The payments are made directly to a US government assigned fund agency as per the IGA signed for sourcing the purchases from American defence and aerospace companies or from the US government’s DoD stocks. These are direct purchases made from/or by the US government and with advance payments earning the standard interest rates from the date of advance payment to the retirement of bills/invoices.
The risk of such payments, if any, are covered in the IGA signed with the US government and with no need for any overweening sovereign guarantee.
Similarly, procurement from Russia are controlled and administered directly by the Russian government through the state intermediary agency, that was first set up on May 8, 1953 within the Ministry of Internal and Foreign Trade of the then USSR. While India’s long standing purchases of defence items from the erstwhile USSR held fast, it was further bolstered by Article IX of the Indo-Soviet Treaty of Peace, Friendship and Co-operation of August 9, 1971 “to take appropriate effective measures to ensure peace and the security of their countries”.
In 2000, the Russian Government formed Rosoboronexport as its sole state intermediary agency for managing all its exports and imports pertaining to defence products, technologies and services. Thus IGAs signed and purchases made from Russia are clearly on a firm government-to-government basis, and with no need for obtaining any sovereign guarantee from Russia, since no private entities are involved.
Sovereign guarantees are imperative under an IGA when a supplier is a private company and outside the control of the foreign government. It is aimed at securing the contract by the OEM’s country on behalf of this private entity through this IGA and hence the need for due backing of a sovereign guarantee.
Financially also there are ostensible advantages of sovereign guarantees for a buying nation. It whittles the cost down by eliminating the need for bank guarantees (BGs) by private companies for money advanced to them by the buying nation. Since BGs provided by the banks don’t come free, by doing away with BGs in the wake of sovereign guarantee(s), it concomitantly reduces the liability that the supplier will have to otherwise bear for obtaining the same. Given that the timelines for fabricating, manufacturing, and maintaining the defence equipments are long, this reduced cost tots up to a sizeable amount and shows up on the costing sheets.
In the case of the Rafale contract, an IGA signed between the Governments of India and France has little meaning without the backing of a sovereign guarantee by the French government.

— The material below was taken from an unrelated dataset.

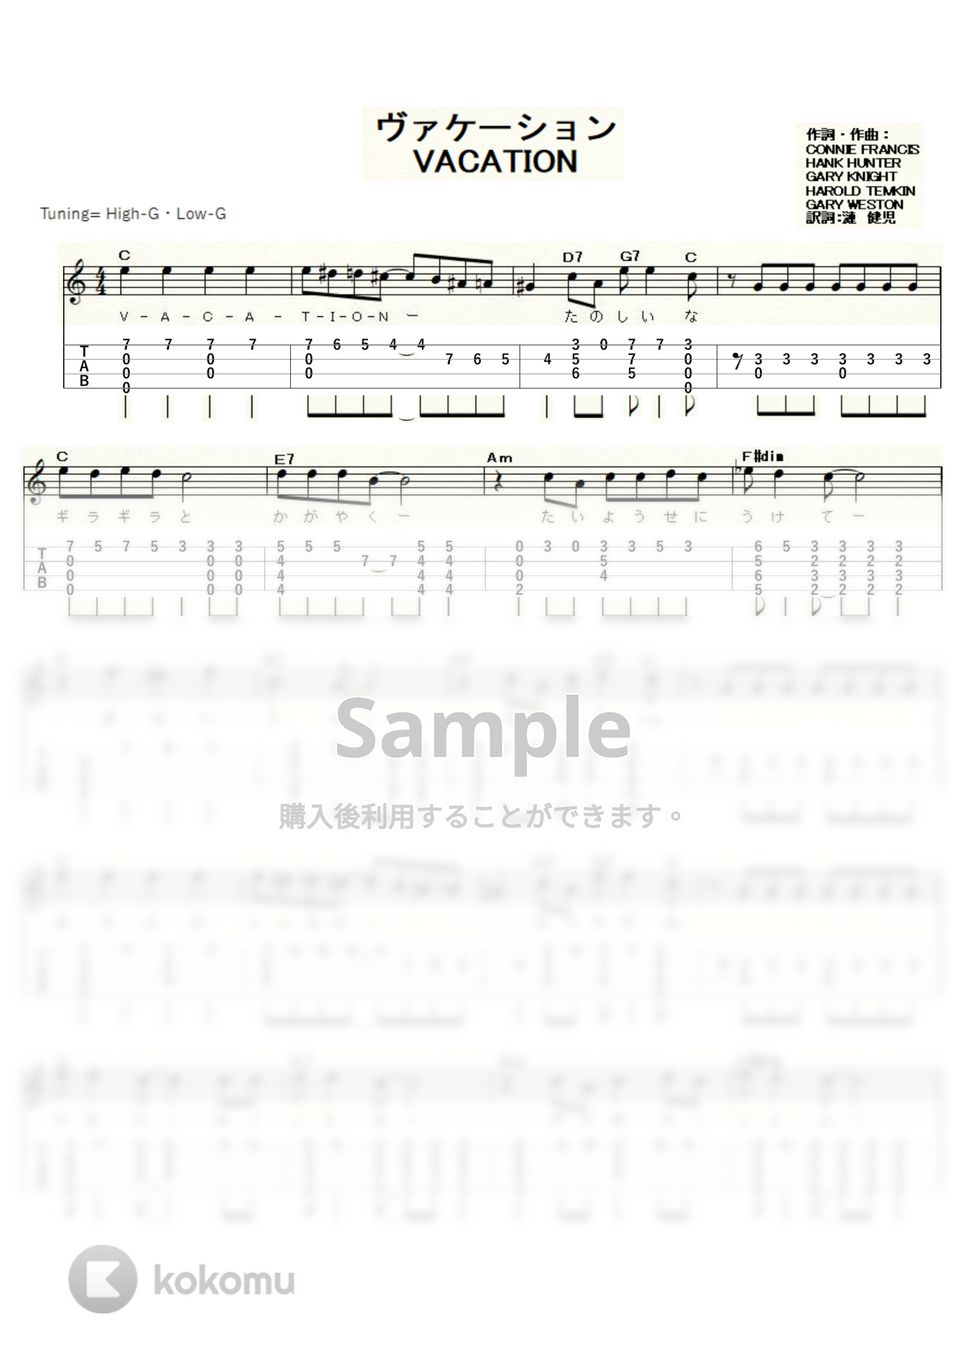 コニー・フランシス/弘田三枝子 - VACATION (ｳｸﾚﾚｿﾛ/High-G・Low-G/中級) by ukulelepapa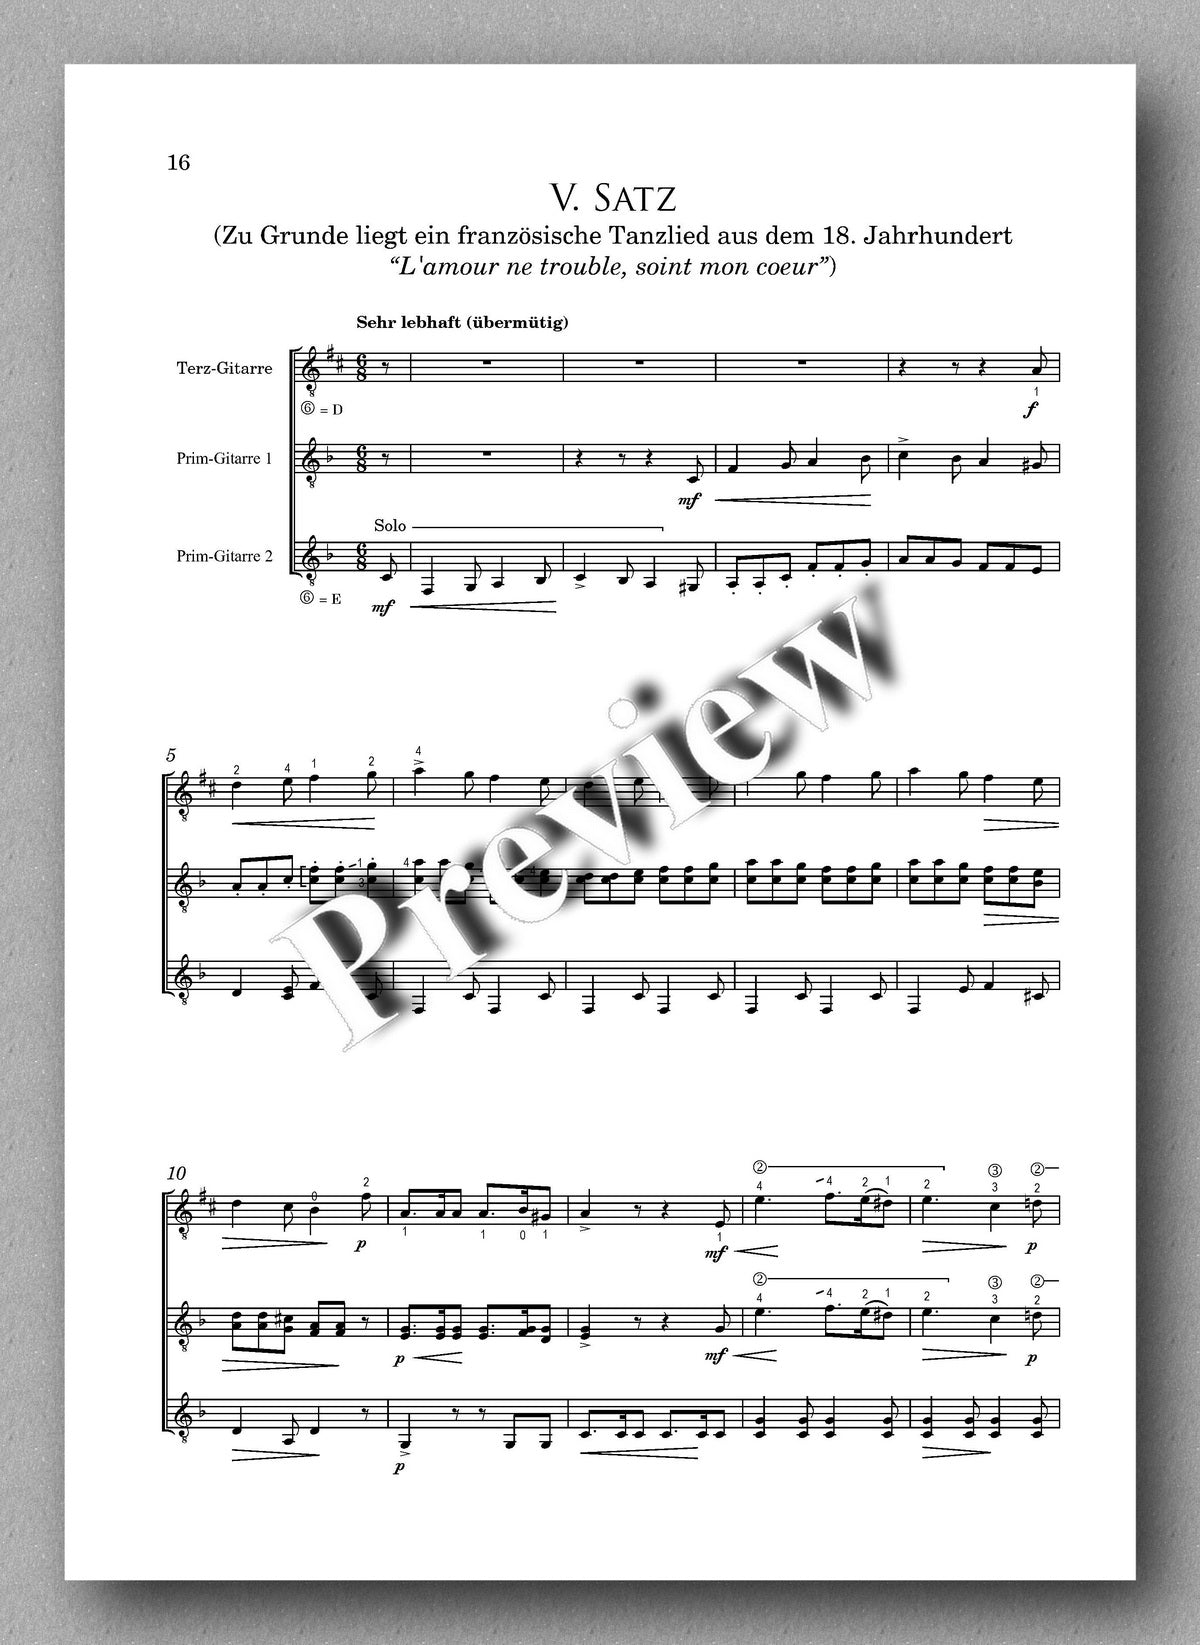 Rebay [163], Suite über altfranzösische Volkslieder -music score 3

The supply of Rafale aircrafts by French OEM Dassault Aviation will willy-nilly involve advancing a whopping sum of money through mobilization advances and milestones payments. The ‘letter of comfort’ can provide little comfort to protect India’s money and strategic interests. At best it can be treated as a straight forward contract between India and the private company Dassault Aviation, with the French government’s ‘letter of comfort’ merely showing up on Rafale’s mantelshelf.
To obviate any such risks and to firmly and fully protect public funds, Rule 172(1) of General Financial Rules 2017 (as in all its previous editions) of the Government of India is quite categorical: “While making any advance payment… adequate safeguards in the form of bank guarantee etc. should be obtained from the firm”.
With the IGA in place and the contract proclaimed to be Government-to-Government (G-to-G), the back-up bank guarantees of corresponding amounts advanced to protect taxpayers’ money, is not available to India in the Rafale case.
(Sudhanshu Mohanty is a former Controller General of Defence Accounts and also a former Financial Adviser (Defence Services) in the Ministry of Defence who retired on May 31, 2016.He is the author of several books including Babudom: Catacombs of Indian Bureaucracy and Anatomy of a Tumour: A Patient's Intimate Dialogue with the Scourge (Hay House).